Das allerdings sollte sich als unmöglich erweisen. "Dann fertige ich eben ein neues Kreuz und stifte es der Gemeinde", beschloss Herzig kurzerhand. Es sollte
in Größe und Aussehen dem Original gleichen. Warum das wenige Wochen später fertig gestellte Kreuz nie gebracht oder abgeholt wurde, ist bis heute Fakt und
Geheimnis zugleich.
Als sich jetzt im Frühjahr die Wüstenauer anschickten, ihr Dorfjubiläum vorzubereiten, kam ein Zufall zum anderen. Zur Einladung an den früheren Mitbürger
Joachim Schülke und Frau gesellte sich parallel die Anfrage einer früheren Schülke-Schülerin, ob er nicht beim "Frauenfrühstück" einen Vortrag über Sühnekreuze
halten könnte.
Plötzlich war Schülkes Jagdfieber erwacht. Er erinnerte sich beim Blättern im Privatarchiv an die Geschichte des Wüstenauer Sühnekreuzes, entdeckte zufällig in
einem Buch sogar den Original-HT-Artikel von 1970, in dem von der Herzigschen Stiftung die Rede war, und nahm Kontakt zum Steinmetz in Rot am See auf. Siehe
da: Nach eifrigem Forschen bestätigte der mittlerweile zum Landesinnungsmeister aufgestiegene Herzig, dass es das Sühnekreuz eigentlich noch auf dem
Betriebsgelände geben müsste - so es nicht der Sohn weggegeben habe. Doch auch von dieser Seite kam bald Entwarnung und die Herzigsche Ankündigung: "Das
habe ich damals schon gestiftet - wenn es also nicht mehr existieren sollte, mache ich nochmal ein neues Kreuz."

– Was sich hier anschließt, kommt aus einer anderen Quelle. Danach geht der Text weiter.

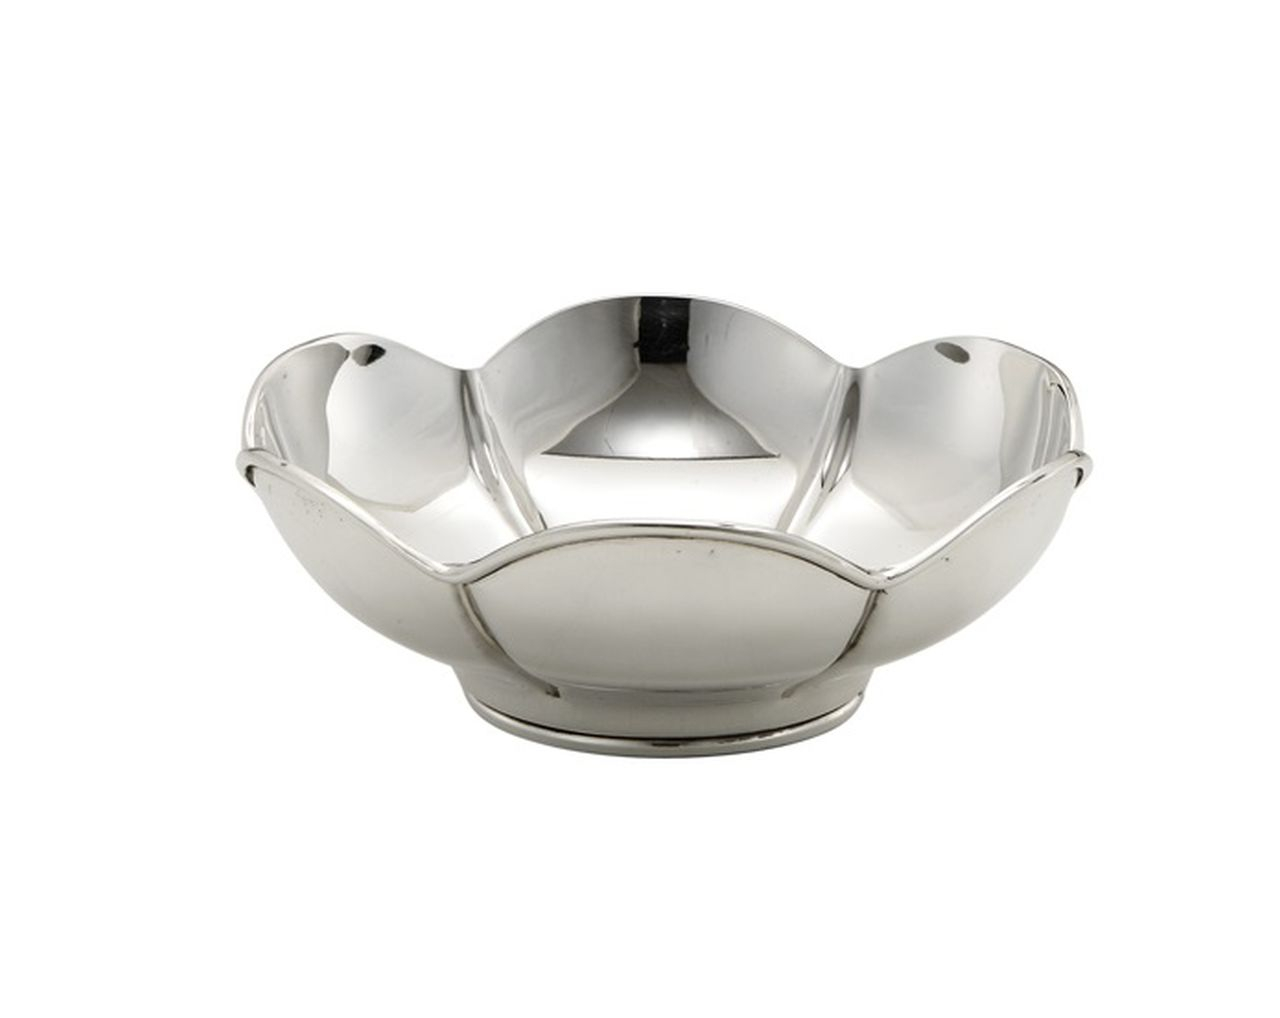 Ciotola argentata argento sheffield cm.6,5h diam.17

Was aber gar nicht nötig war, weil der stumme Zeitzeuge tatsächlich gefunden wurde. Leicht ramponiert zwar, aber sonst in voller, schlichter Schönheit. In Wüstenau
erhält das neue-alte Sühnekreuz nun einen Ehrenplatz. Am Ortseingang von Mariäkappel her ist es auf einem Betonsockel auf Gemeindegrund aufgerichtet - in Sichtweite
zum früheren Standort. Und das ist auch gut so, denn die historische Verbindung sollte genauso gewahrt bleiben wie der öffentliche Zugang. Schon zu ihrer Zeit wurden
Sühnekreuze stets an stark frequentierten Wegen errichtet, um möglichst vielen Passanten ein stilles Gebet für Sünder wie Opfer abzuringen.
Der geschichtliche Hintergrund des Wüstenauer Steinkreuzes ist ungewiss. Keiner weiß, welch grausliche Bluttat mit dem Errichten gesühnt werden sollte. Denn
das war der Sinn solcher Kreuze: Private Sühne in einem quasi rechtsfreien Raum für Rechtsbrüche wie Totschlag oder fahrlässige Tötung - bis weit ins 16. Jahrhundert
hinein zumeist beurteilt von Vertretern der Kirche. Die Alternative wäre Blutrache gewesen. Nur für Mord, da war die "Herrschaft" zuständig.
Am kommenden Wochenende wird in Wüstenau zünftig gefeiert.
(Hohenloher Tagblatt, Regional-Ausgabe Crailsheim, 25.08.2004, S.19)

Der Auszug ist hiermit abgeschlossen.